” Petro no quiere gobernar. Quiere quedar escrito en los libros. No como presidente: como mito.
“La libertad, Sancho, es uno de los más preciosos dones que a los hombres dieron los cielos…”
— Don Quijote de la Mancha, Miguel de Cervantes Saavedra
En un país donde las paradojas son pan de cada día, Colombia vive una tragedia literaria disfrazada de gobierno. El presidente Gustavo Petro, aquel que alguna vez encarnó el grito del inconforme, hoy representa la peor versión de aquello que decía combatir: el vicio del poder absoluto, la mentira sostenida, el desprecio a las instituciones y la necesidad compulsiva de eternizarse en la historia, aún cuando el país clama por soluciones reales y no por sermones interminables.
Es inevitable, para quienes crecimos entre libros y realidad, recordar a Don Quijote. Aquel loco noble que salió a los caminos a deshacer entuertos, a pelear por causas imposibles, pero con un corazón limpio y una intención sin mácula. Don Quijote, sí: el loco que creía en la justicia. Hoy, en cambio, nos gobierna un cuerdo que no cree en nada más allá de sí mismo.
Petro no cabalga sobre Rocinante, sino sobre el cadáver administrativo de su propia promesa de cambio. Se droga, no con alucinógenos, sino con el narcótico más potente: el ego. Se embriaga de ideología, de resentimiento, de su propia voz. Cada intervención es un ritual narcótico de manipulación emocional. Se levanta cada mañana en la Casa de Nariño no a trabajar, sino a tuitear, a predicar, a hostigar. Como un predicador que se quedó sin Dios, y que ahora se adora a sí mismo.
La tragedia se completa con su gabinete: una procesión de ministros intermitentes, incompetentes o serviles. Ninguno lo cuestiona. Ninguno le dice “basta”. Mientras el país se incendia en reformas mal planeadas, improvisaciones peligrosas y polarización creciente, él sueña con perpetuarse: no por resultados, sino por obsesión. Petro no quiere gobernar. Quiere quedar escrito en los libros. No como presidente: como mito.
Pero el problema es que Colombia no necesita mitos. Necesita estadistas.
Como Don Quijote veía gigantes en molinos, Petro ve enemigos en cada institución que le recuerda que la democracia tiene límites. Ataca a la Corte, a la Procuraduría, al Congreso, a la prensa libre, y a todo aquel que no se le arrodille. Desprecia el equilibrio de poderes. Quiere una Colombia reducida a su voluntad, a su verbo. Habla de paz, pero gobierna con odio. Promete inclusión, pero siembra división. Habla de amor por el pueblo, pero no lo escucha.

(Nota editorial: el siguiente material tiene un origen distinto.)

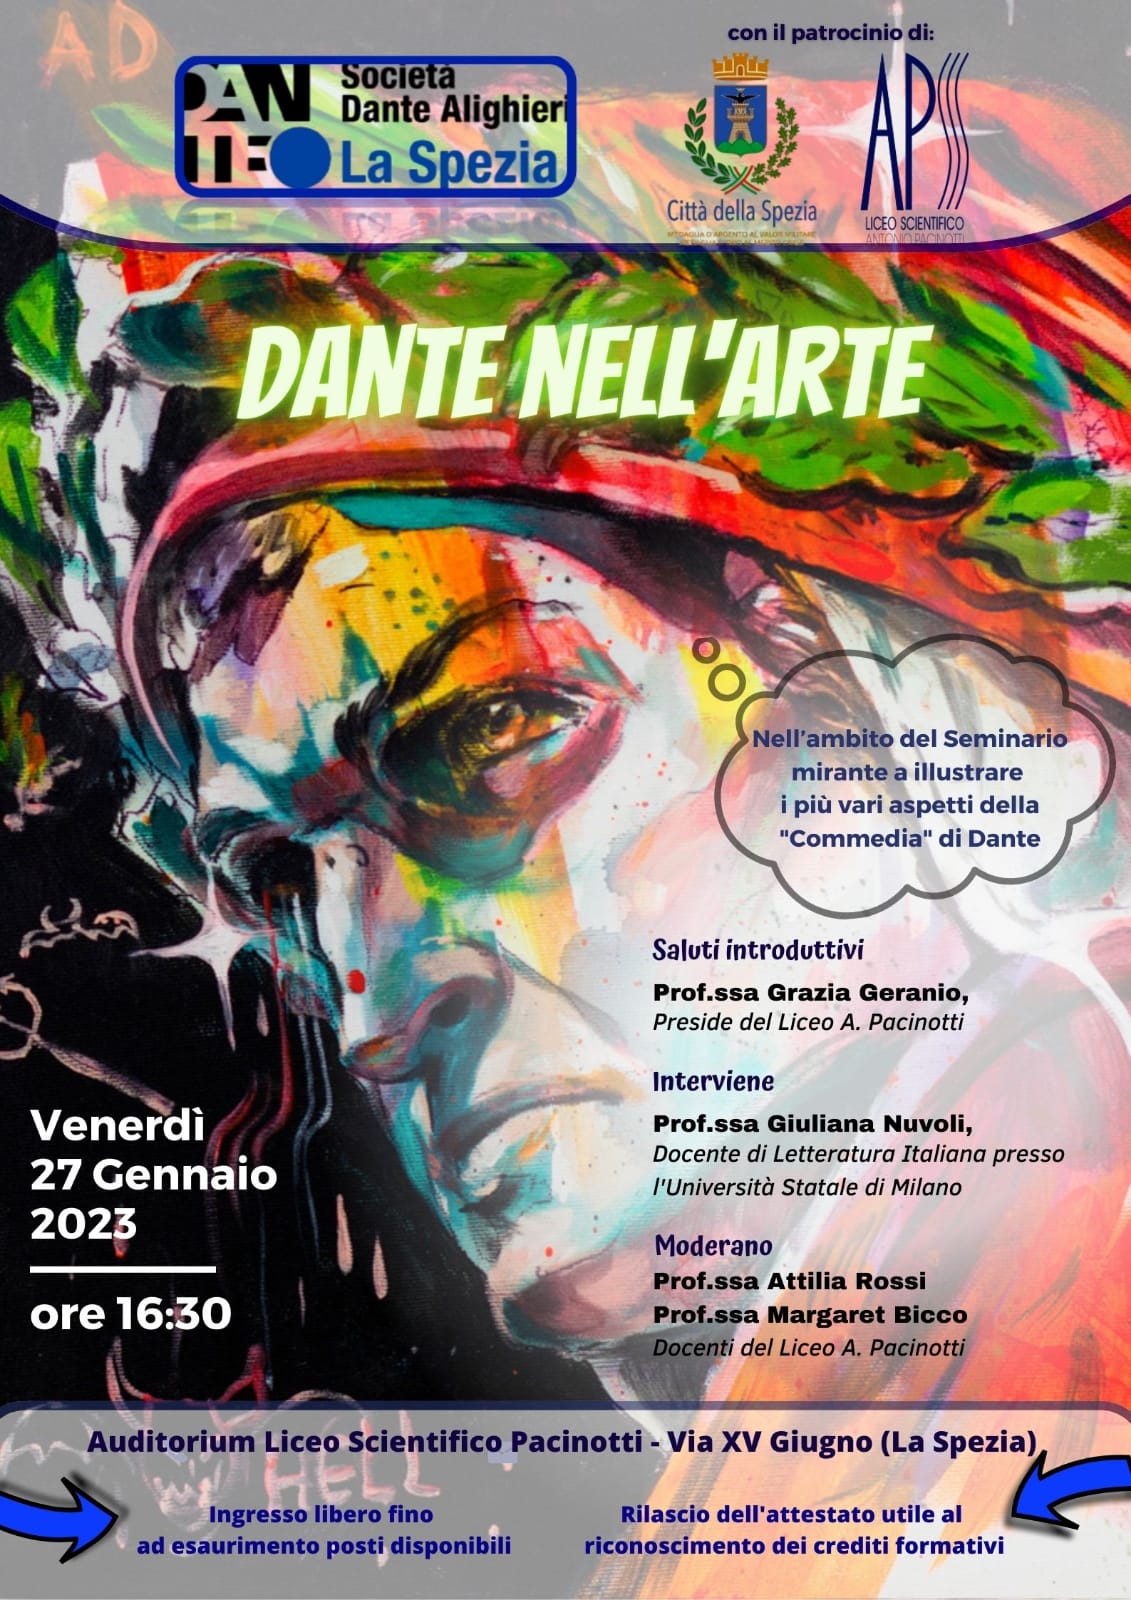 Giuliana Nuvoli, “Dante nell’arte”, Auditorium Liceo Scientifico ‘Pacinotti’, La Spezia, 27 gennaio 2023, ore 16.30

En su locura cuerda, Petro ha hecho de la mentira su política pública, del caos su modelo de gestión, del desprecio su discurso oficial. Se rodea de aduladores, de activistas sin experiencia, de ministros sin visión. Y mientras tanto, el país se ahoga: en inseguridad, en inflación, en incertidumbre.
Colombia, como Sancho Panza, sigue a su líder sin entender bien si lo que acompaña es un héroe incomprendido o un tirano envuelto en retórica. Cada día más ciudadanos despiertan de la ilusión. Cada día más voces se atreven a gritar que el emperador va desnudo.
La pregunta, entonces, ya no es ideológica. Es ética, histórica, existencial:
¿Quién es el verdadero loco?
¿Don Quijote, que luchaba por ideales imposibles, o Petro, que destruye realidades posibles con cinismo calculado? ¿El caballero que murió fiel a su delirio noble, o el presidente que quiere vivir eternamente encadenado a un poder que no sabe ejercer?
En esta tragicomedia colombiana, la paradoja cervantina es más vigente que nunca. Y el mayor peligro no es el delirio de un hombre, sino el silencio cómplice de una nación que permite que la locura se convierta en sistema.